Issue #11224: Improved sparse file read support (r85916) introduced a

regression in _FileInFile which is used in file-like objects returned by TarFile.extractfile(). The inefficient design of the _FileInFile.read() method causes various dramatic side-effects and errors: - The data segment of a file member is read completely into memory every(!) time a small block is accessed.
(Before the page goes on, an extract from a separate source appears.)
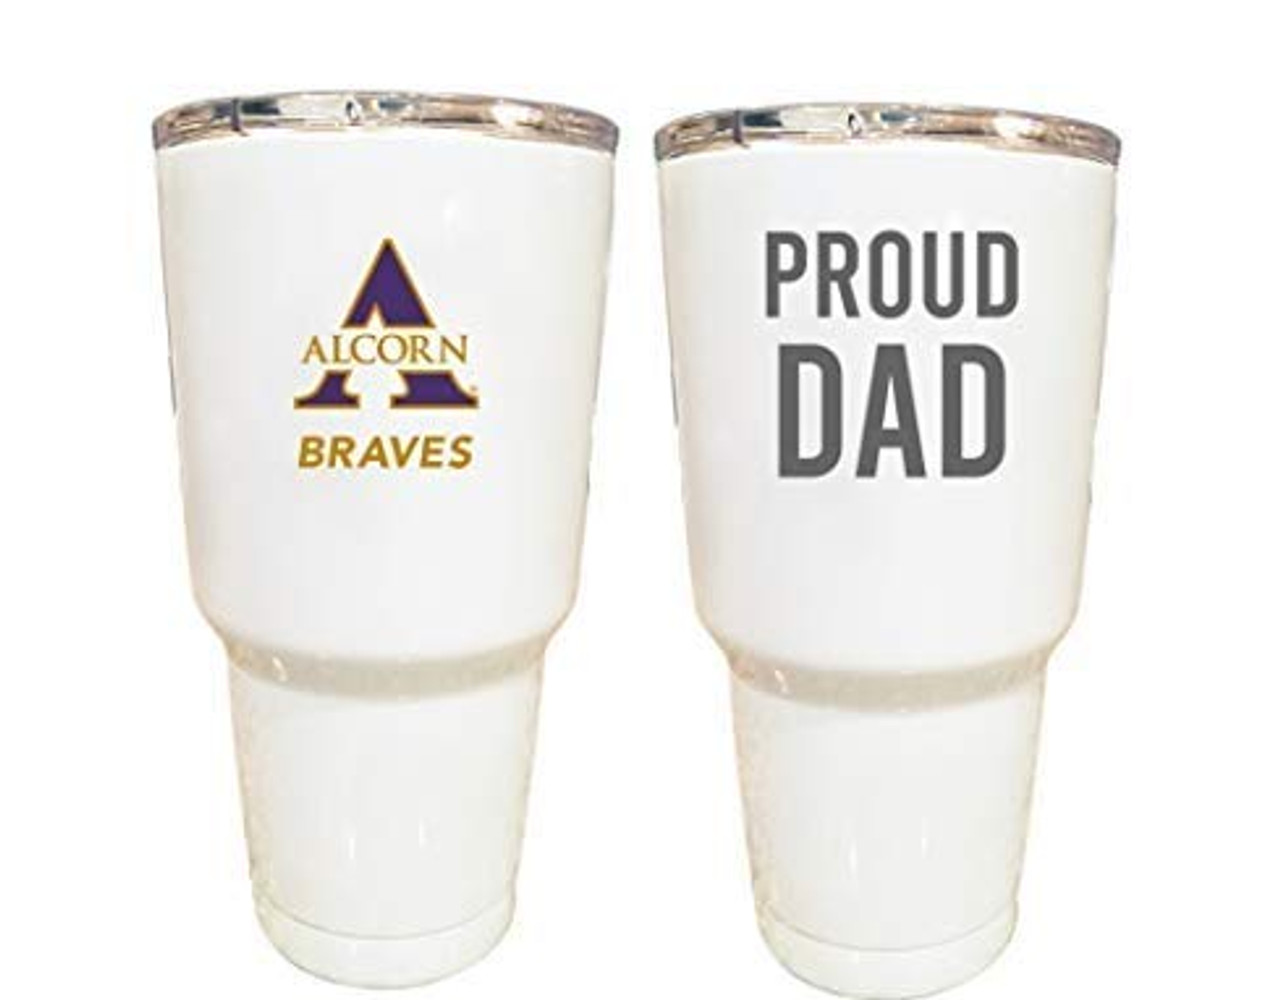 Alcorn State Braves Proud Dad 24 oz Insulated Stainless Steel Tumblers White.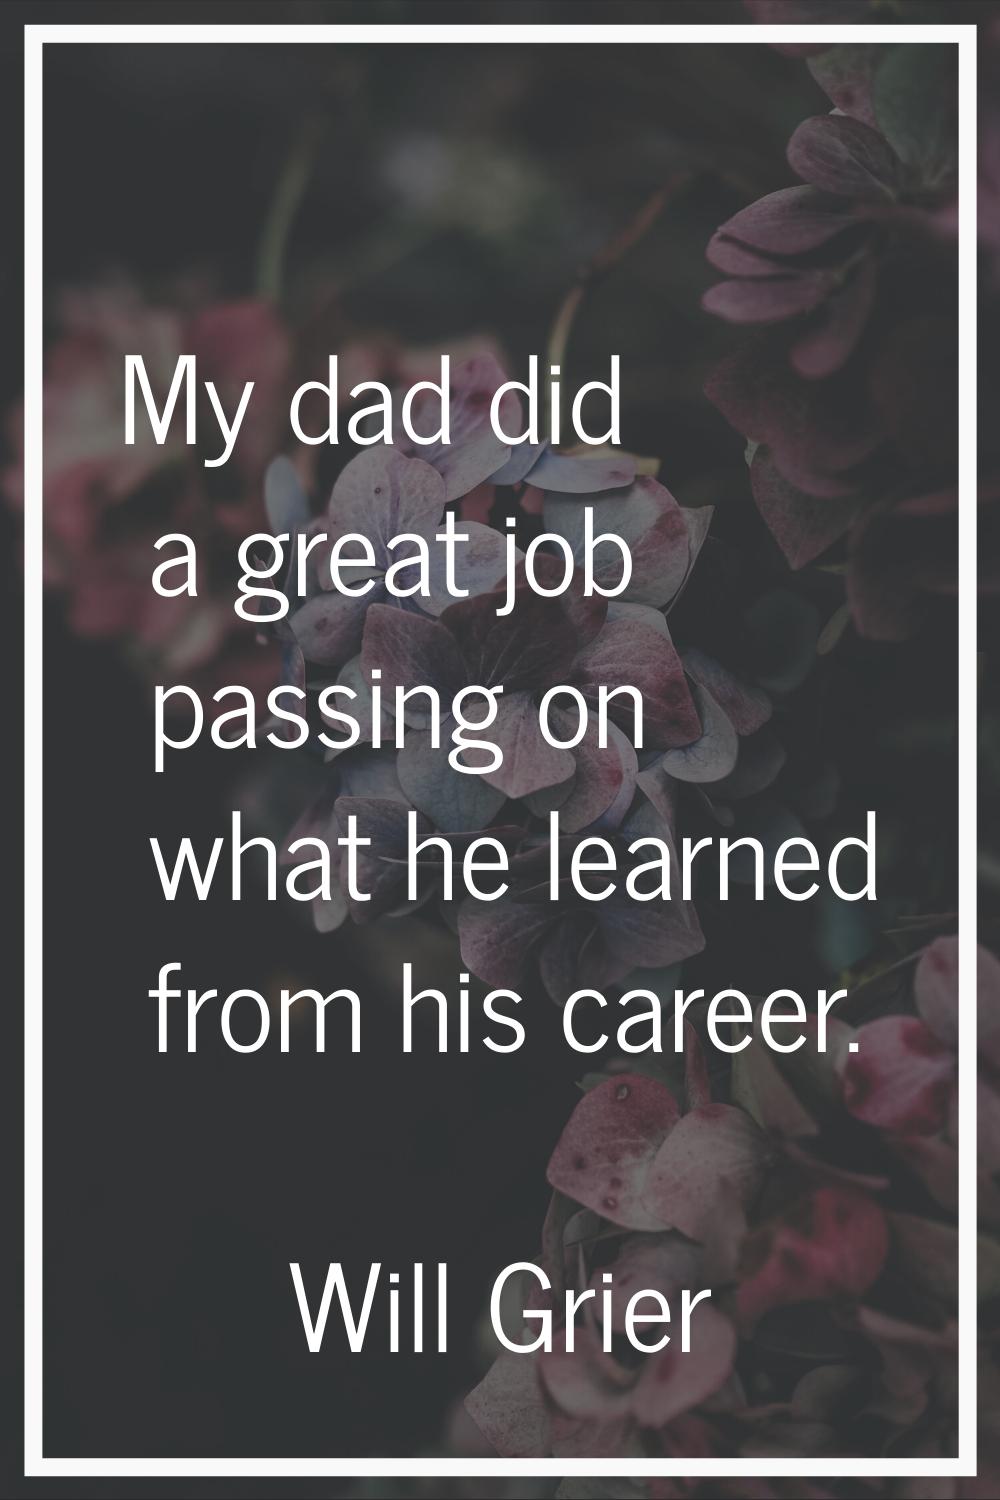 My dad did a great job passing on what he learned from his career.

This is not only slow but may cause unexpected MemoryErrors with very large files. - Reading members from compressed tar archives is even slower because of the excessive backwards seeking which is done when the same data segment is read over and over again. - As a backwards seek on a TarFile opened in stream mode is not possible, using extractfile() fails with a StreamError.
author: Lars Gustäbel <lars@gustaebel.de> 2011-02-23 11:42:22 (GMT)
committer: Lars Gustäbel <lars@gustaebel.de> 2011-02-23 11:42:22 (GMT)
commit: dd071045e776e1c3e8cf6750a2fd1d0958bf19b3 (patch)
tree: 3afb00727522ffb897602ec1ae5d2a9ccfd3dce4 /Lib/tarfile.py
parent: 3eeee833915b96a15c60eafc317bb6822af2084c (diff)
download: cpython-dd071045e776e1c3e8cf6750a2fd1d0958bf19b3.zip
cpython-dd071045e776e1c3e8cf6750a2fd1d0958bf19b3.tar.gz
cpython-dd071045e776e1c3e8cf6750a2fd1d0958bf19b3.tar.bz2
1 files changed, 2 insertions, 3 deletions
diff --git a/Lib/tarfile.py b/Lib/tarfile.py
index e3747e9..0f9d1da 100644
--- a/Lib/tarfile.py
+++ b/Lib/tarfile.py
@@ -760,9 +760,8 @@ class _FileInFile(object):
                         self.map_index = 0
             length = min(size, stop - self.position)
             if data:
-                self.fileobj.seek(offset)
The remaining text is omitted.